RESPECT DE L’AUTHENTICITÉ
À quelques minutes de voiture de là, quartier Haou, une autre ferme est devenue gîte, et une auberge peut accueillir les hôtes à la nuitée dans un ensemble de charme à base de meubles de récup. Un peu plus loin à Callen, c’est un ancien relais de chasse, baptisé Cap Ouest, qui a été magnifiquement rénové, conservant, là aussi, les caractéristiques de l’habitat traditionnel.
Dans ces airials, un patrimoine architectural landais lié à l’ancienne économie agropastorale, élément identitaire de cette partie de la Gascogne, le respect de l’authenticité a primé dans la restauration, que ce soit dans les matériaux, la conservation des petites ouvertures en harmonie avec les proportions du bâti ou l’intimité des lieux. « C’est un travail de sauvegarde sur des trésors qui étaient en ruine », confie Pascale Daney qui œuvre là via une SCI montée avec André Bordes-Vidal.
Des bois datés du Moyen-Âge ont été réemployés pour refaire des colombages, des briquettes ont été mises à nu, les planchers ravagés par les termites reconstruits, une vieille baignoire a été été chinée dans une ferme du grand propriétaire forestier où vivaient encore il y a quelques années des métayers… Des artistes ou techniciens du festival Musicalarue de Luxey, et même Michel Polnareff, ont dormi ici. Quand ils réservent le reste de l’année, les locataires demandent parfois ce qu’ils vont pouvoir faire pendant le week-end. « Profiter de la nature », leur répond Pascale Daney.

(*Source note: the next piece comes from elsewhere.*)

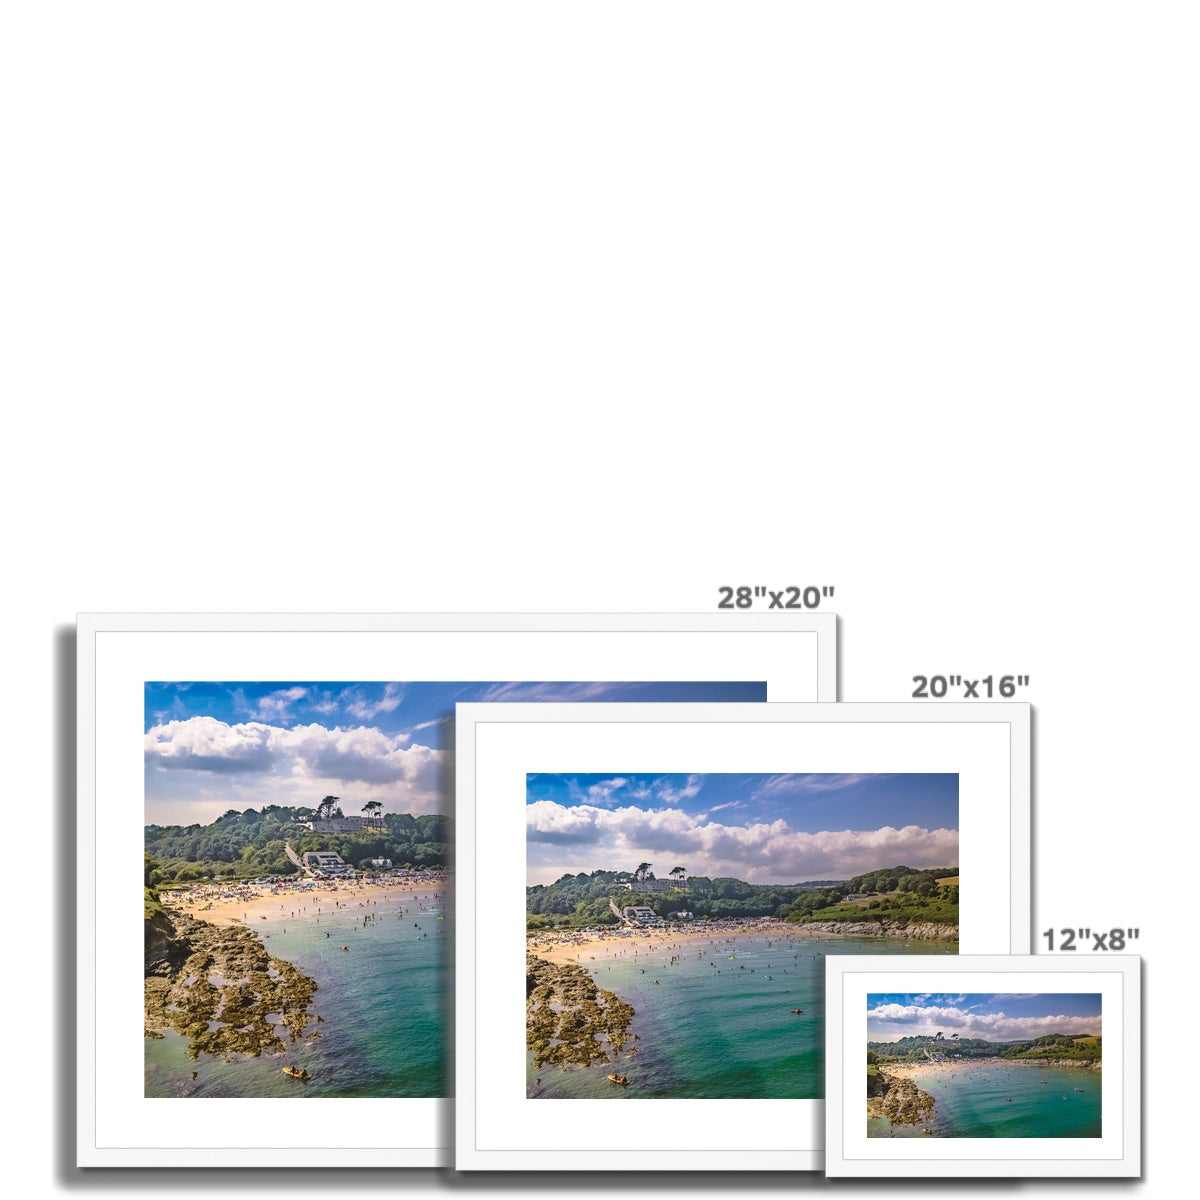 maenporth beach frame sizes

DES LAGUNES EN GESTION PAR LE DÉPARTEMENT
À 105 ans, André Bordes-Vidal qui a marqué, avec sa famille, l’histoire de la forêt landaise, vit toujours à Luxey, dans la maison familiale du XVIIIe face à l’église. Ex-président des sylviculteurs du Sud-Ouest, de la DFCI (Défense des forêts contre les incendies) pendant 50 ans, administrateur des Papeteries de Gascogne et vice-président du Crédit Agricole d’Aquitaine, il fut à l’origine, en 1947, de l’assurance couvrant les risques incendie en forêt, qui « a permis de survivre aux feux de 1949 alors que tout le monde me disait que c’était impossible », témoigne celui qui fut des coulisses du mariage de la reine d’Angleterre avec Lili Lacoste, l’héritière de Château Pétrus, à la création de la maison de L’Estupe-Huc (éteindre le feu en gascon) à Luxey.
Depuis une dizaine d’années, ce propriétaire de milliers d’hectares s’est rapproché du Département pour la sauvegarde d’espaces naturels, échangeant des forêts galeries aux chênes remarquables contre des parcelles de pin maritime. Mais « je ne vends rien », a-t-il coutume de dire. Cet hiver, une Obligation réelle environnementale, dispositif foncier qui permet d’agir sur le long terme (90 ans en engageant héritiers et futurs propriétaires), a été signée sur quatre lagunes et deux zones humides entre Luxey et Callen, où vivent des espèces protégées (rainette ibérique, fadet des laîches). Le Département y fera du suivi et des plans de gestion, et peut-être un jour des animations pédagogiques pour sensibiliser le public à ces milieux naturels si landais.